All of the data is to be written out again exactly, without the pictures.

# Stored data
§ §
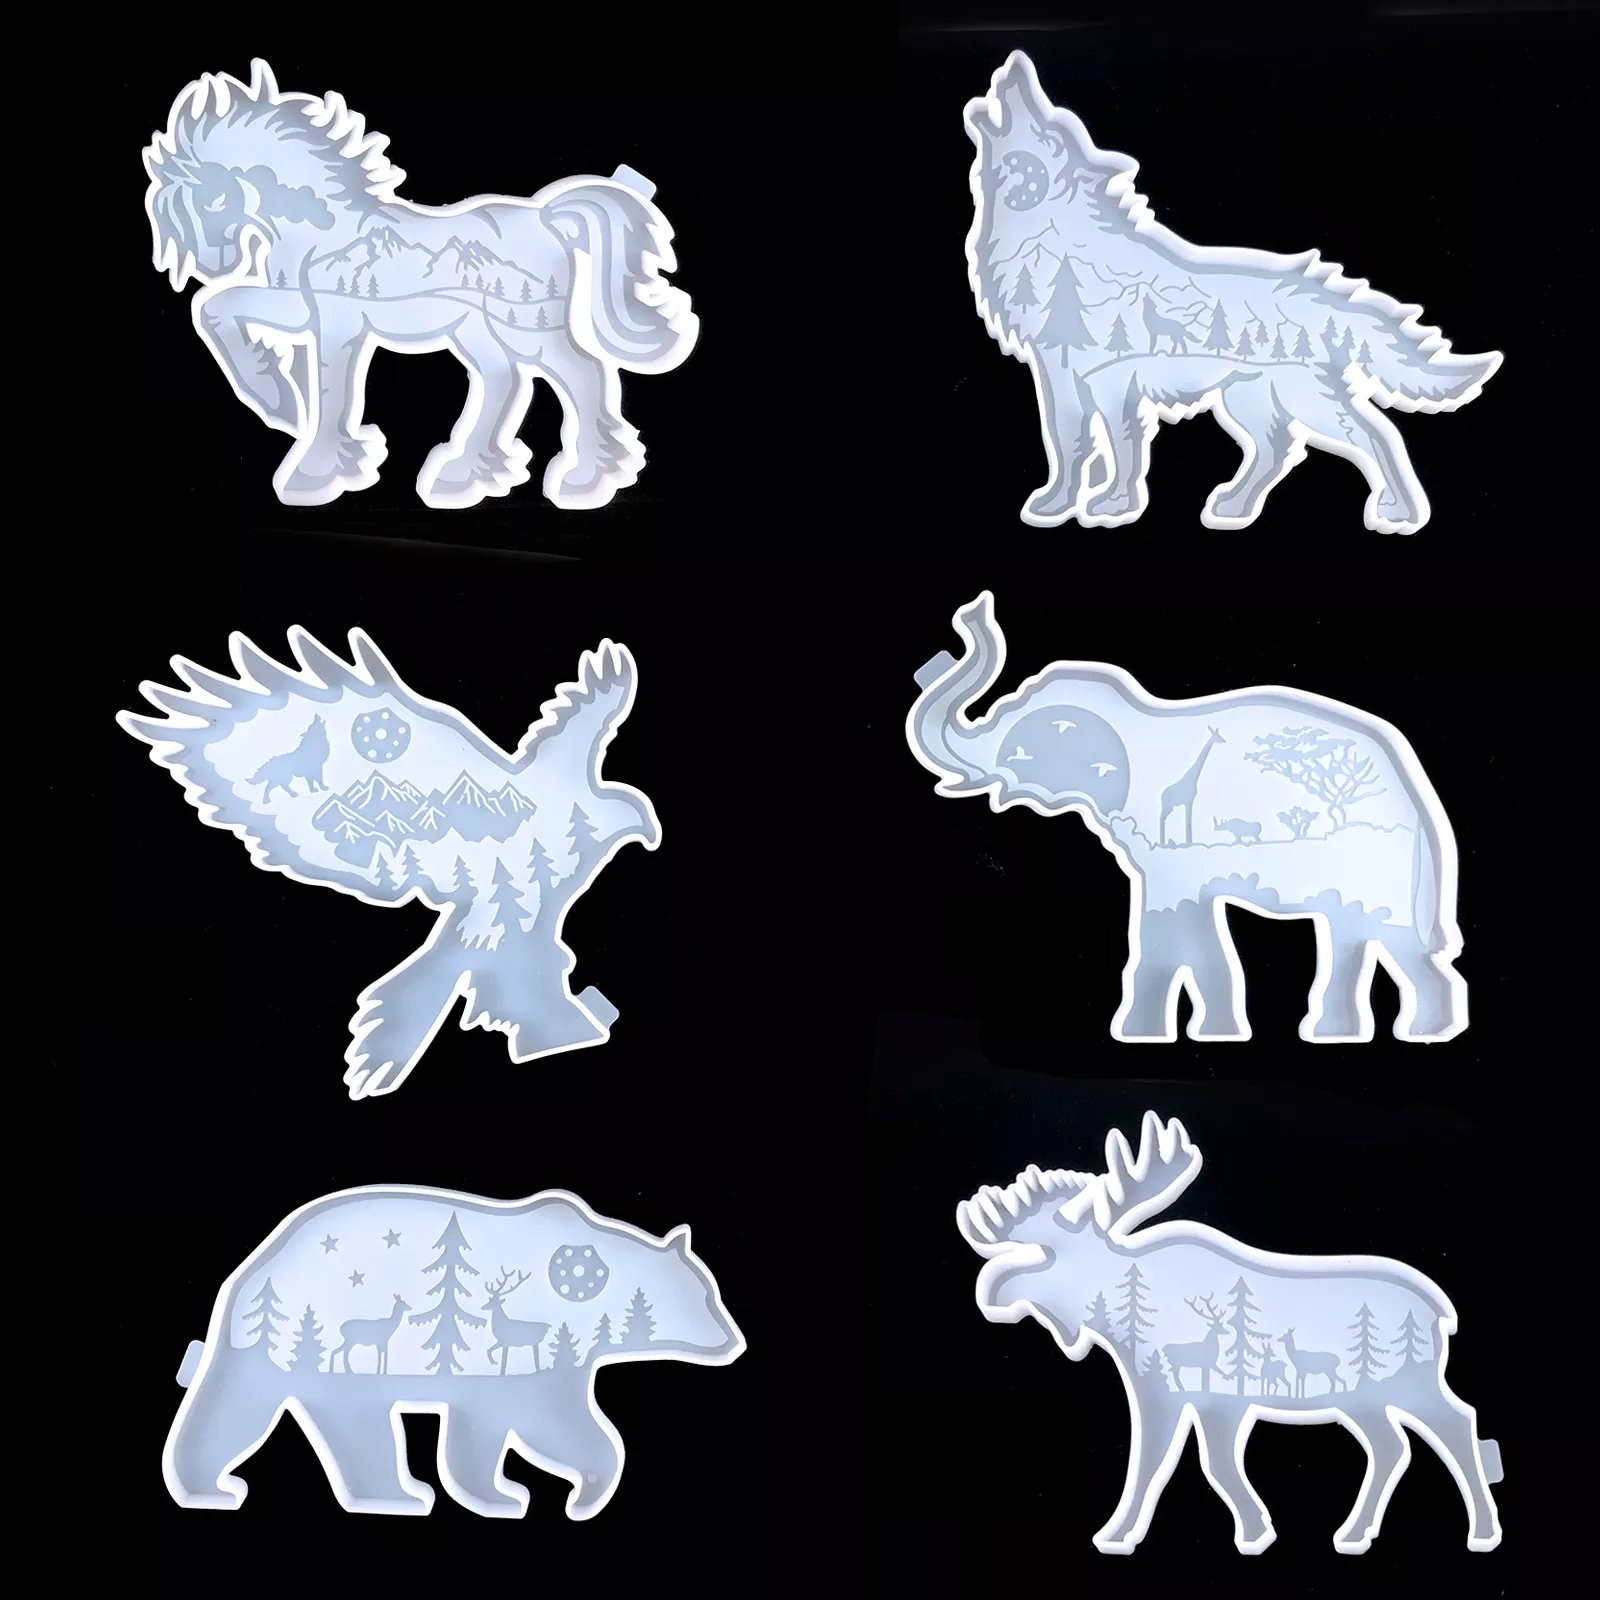 Wuff Meow 3D Animal Resin Molds Tools Resin Casting Molds Epoxy Silicone Molds for Resin Craft DIY Silicone Casting Mold DIY Home Decorations
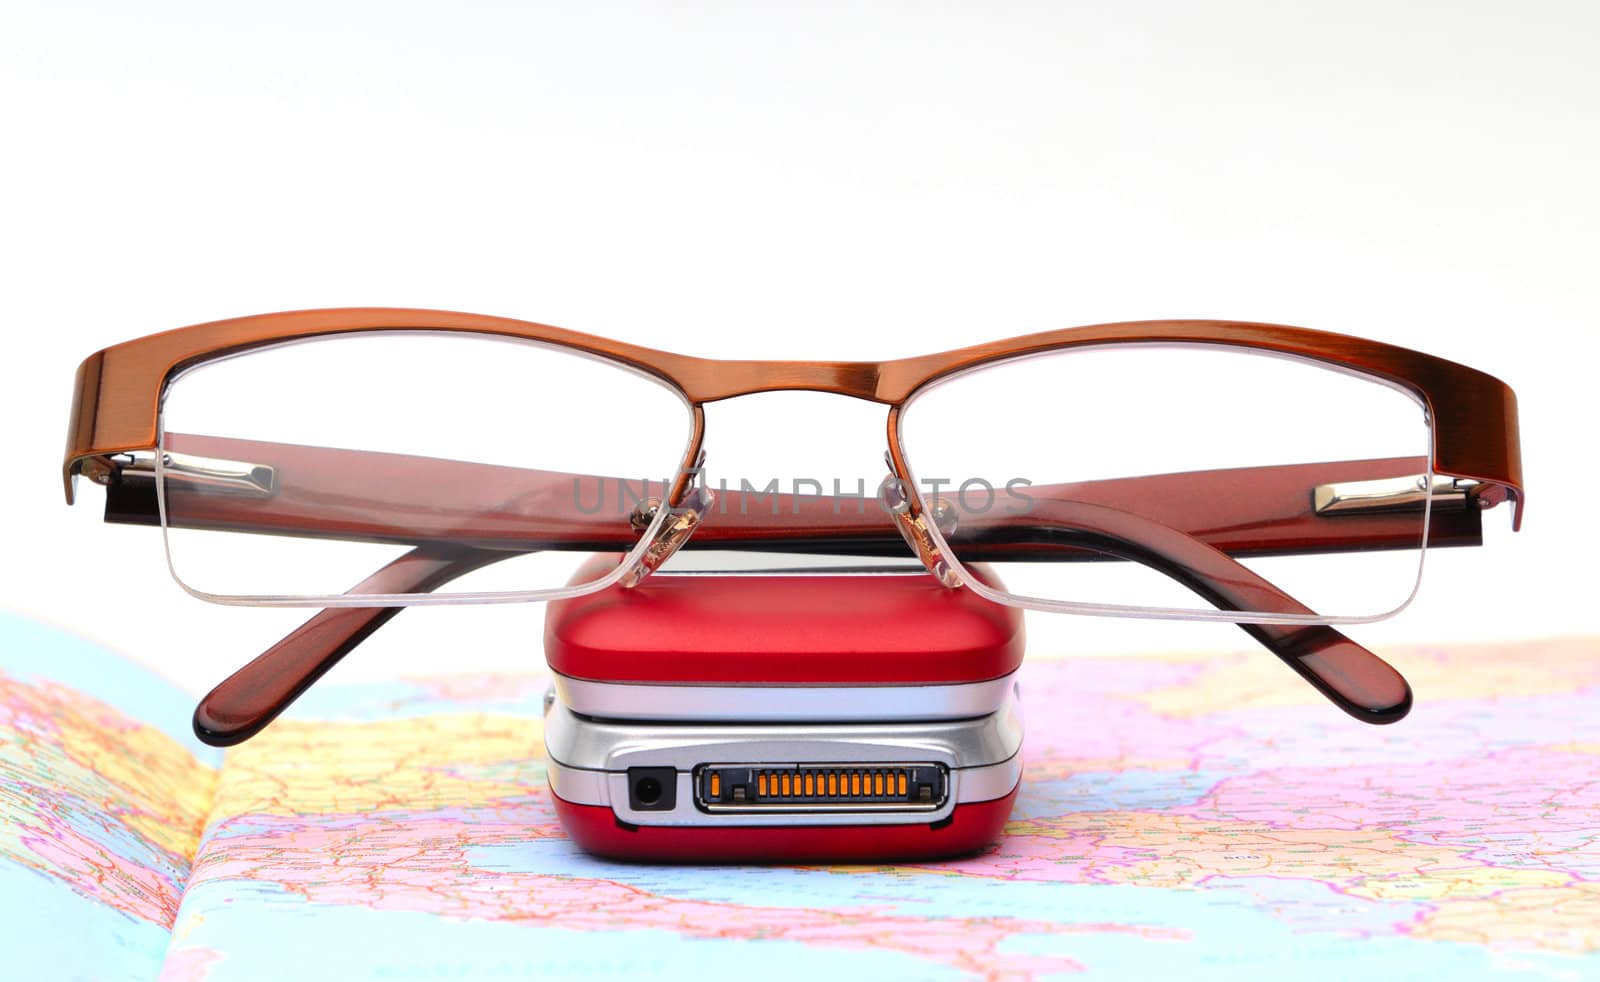 Modern glasses on telephone, background map and white
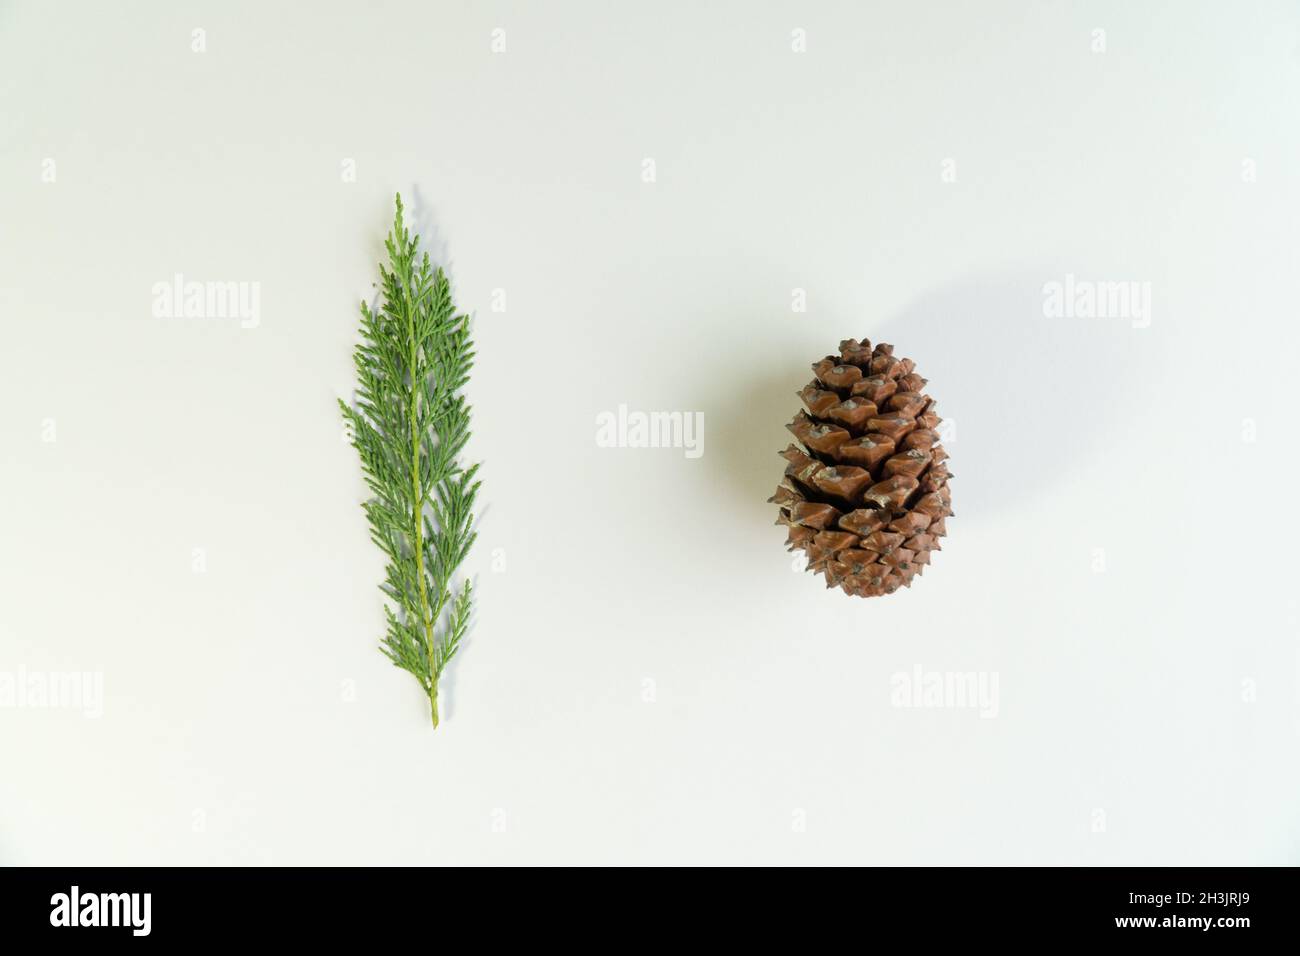 Noel tree leaf and pine cone top view christmas concept idea photo on white background Stock Photo
§ §
# Exercise answer
 Wuff Meow 3D Animal Resin Molds Tools Resin Casting Molds Epoxy Silicone Molds for Resin Craft DIY Silicone Casting Mold DIY Home Decorations
 Modern glasses on telephone, background map and white
 Noel tree leaf and pine cone top view christmas concept idea photo on white background Stock Photo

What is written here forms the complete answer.